### Data extract
━━━━━━━━━━

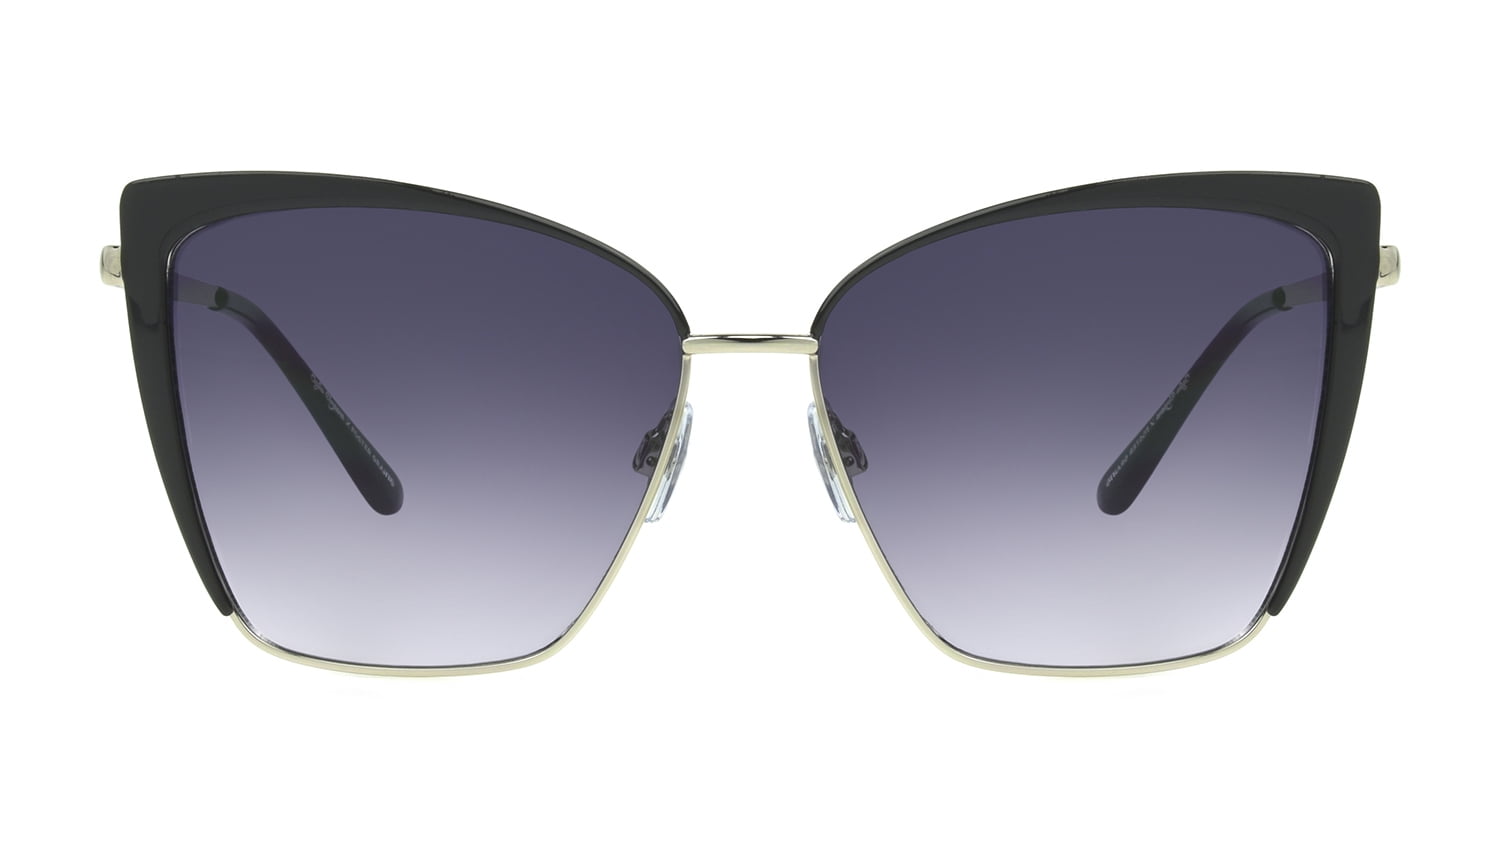 Buy ELEGANTE Men's Square Sunglasses Gold, Black Frame Black Lens,  Polarization ( Medium ) - Pack Of 1 at Amazon.in
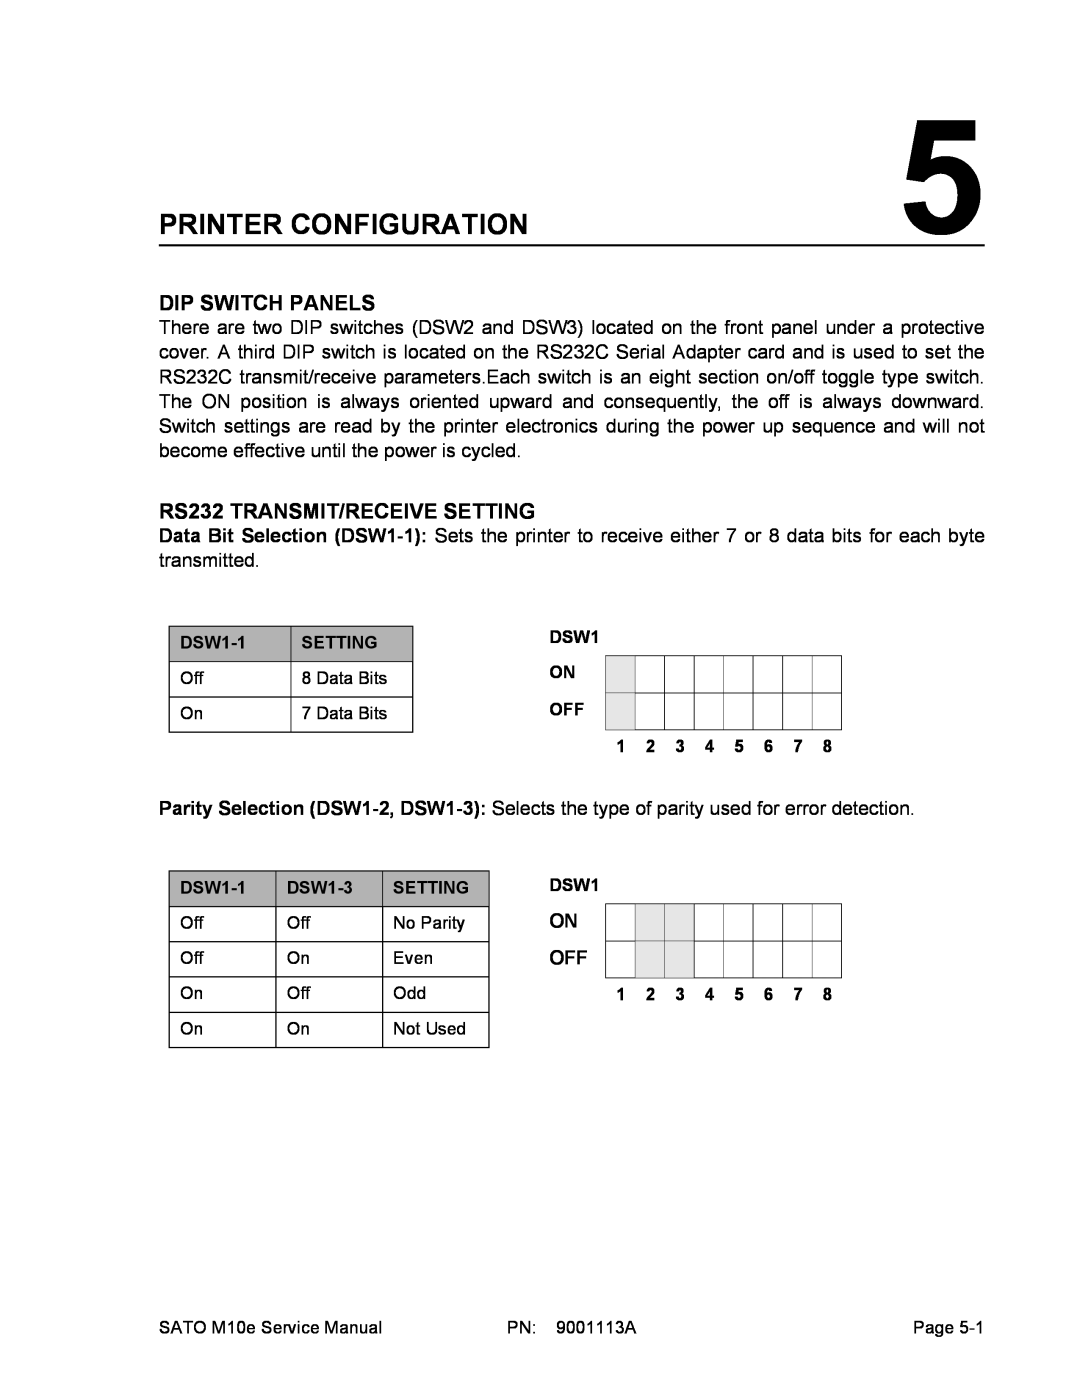 SATO 10e service manual Printer Configuration, Dip Switch Panels, RS232 TRANSMIT/RECEIVE SETTING 
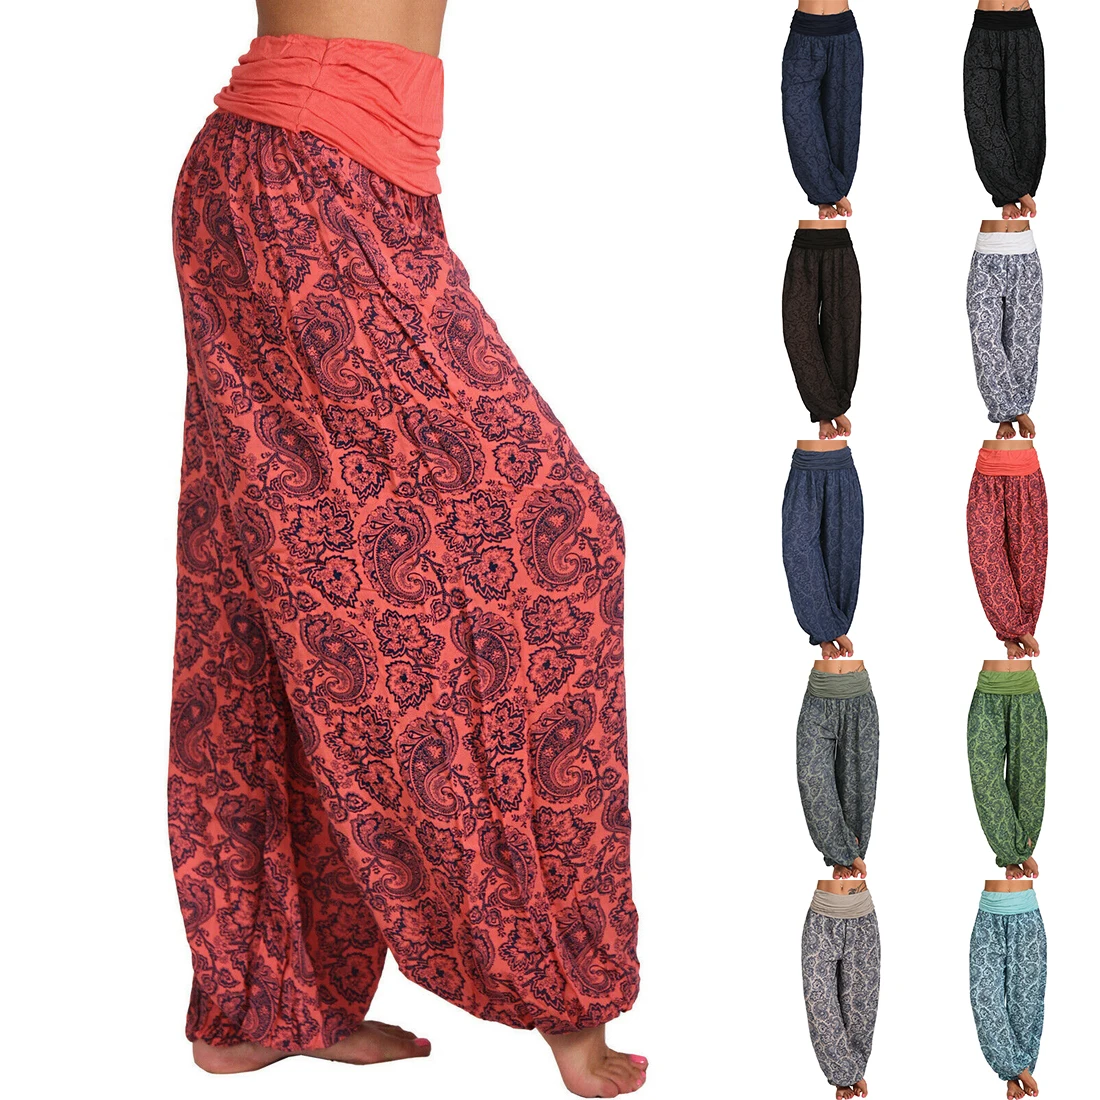 Women Bohemian Floral Print Long Pants 2021 Mid Waist Vintage Harem Pants Elastic Waist Boho Beach Trousers
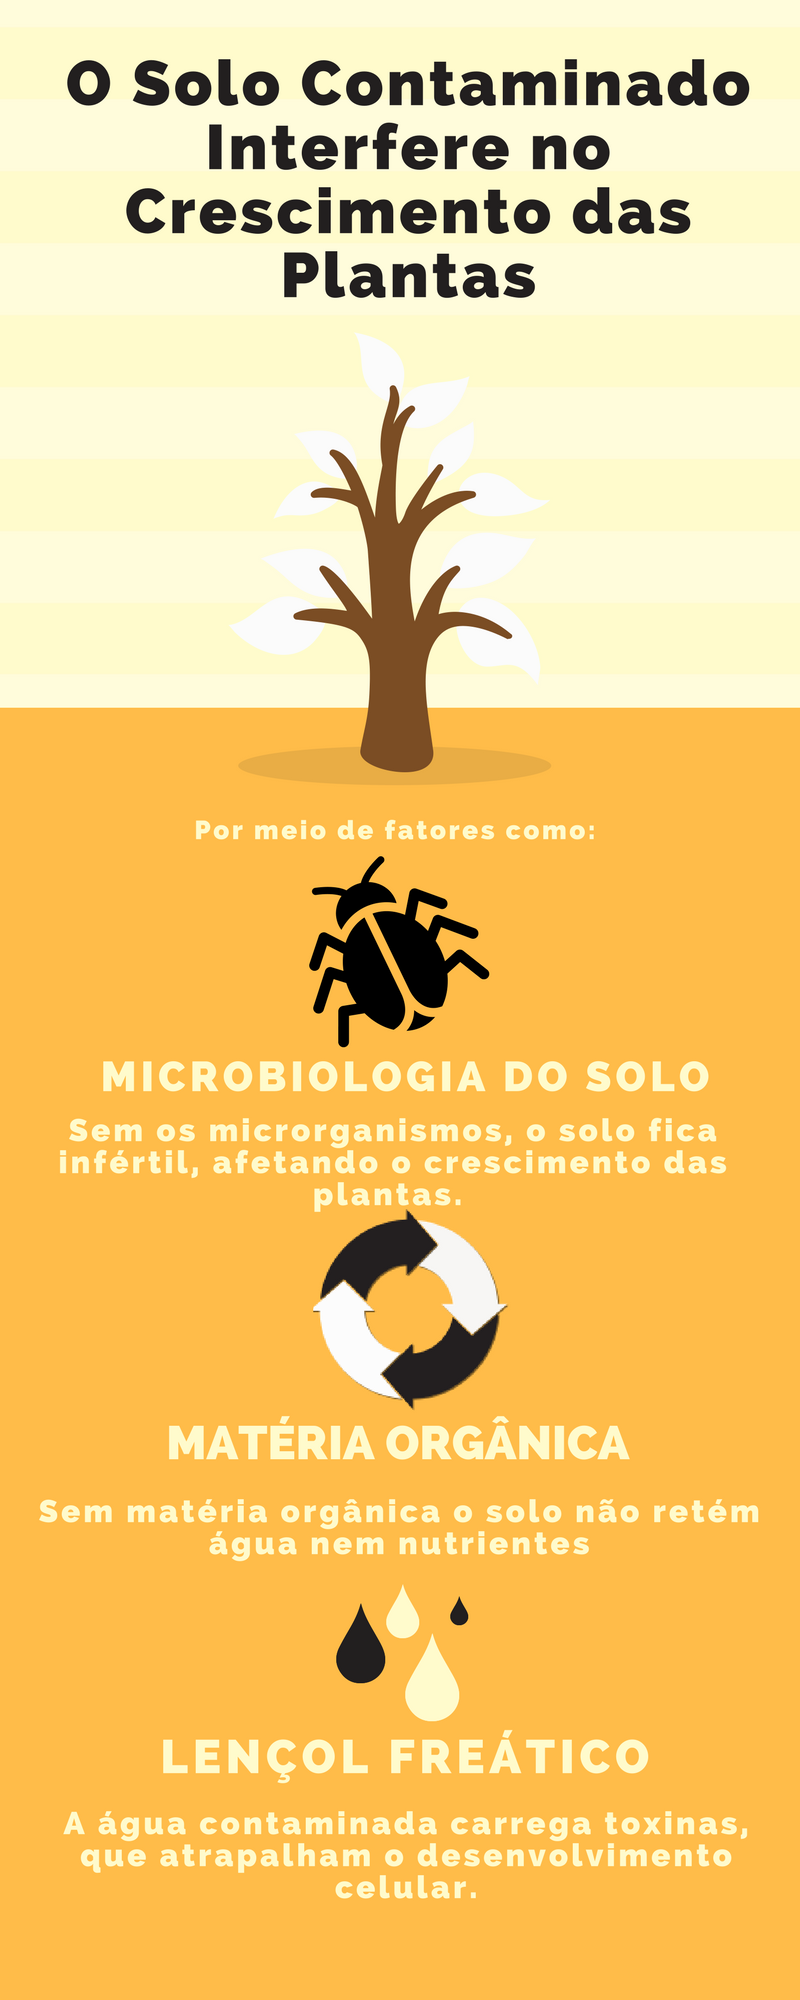 Os Impactos dos Agrotóxicos no Meio Ambiente. | by Ana Clara Abreu | Medium

━━━━━━━━━━

### Exercise brief
Starting at the line that contains "Women Bohemian Floral" and ending with the last line of the data, transcribe every line exactly; skip the pictures.

### Response
 Women Bohemian Floral Print Long Pants 2021 Mid Waist Vintage Harem Pants Elastic Waist Boho Beach Trousers
 Os Impactos dos Agrotóxicos no Meio Ambiente. | by Ana Clara Abreu | Medium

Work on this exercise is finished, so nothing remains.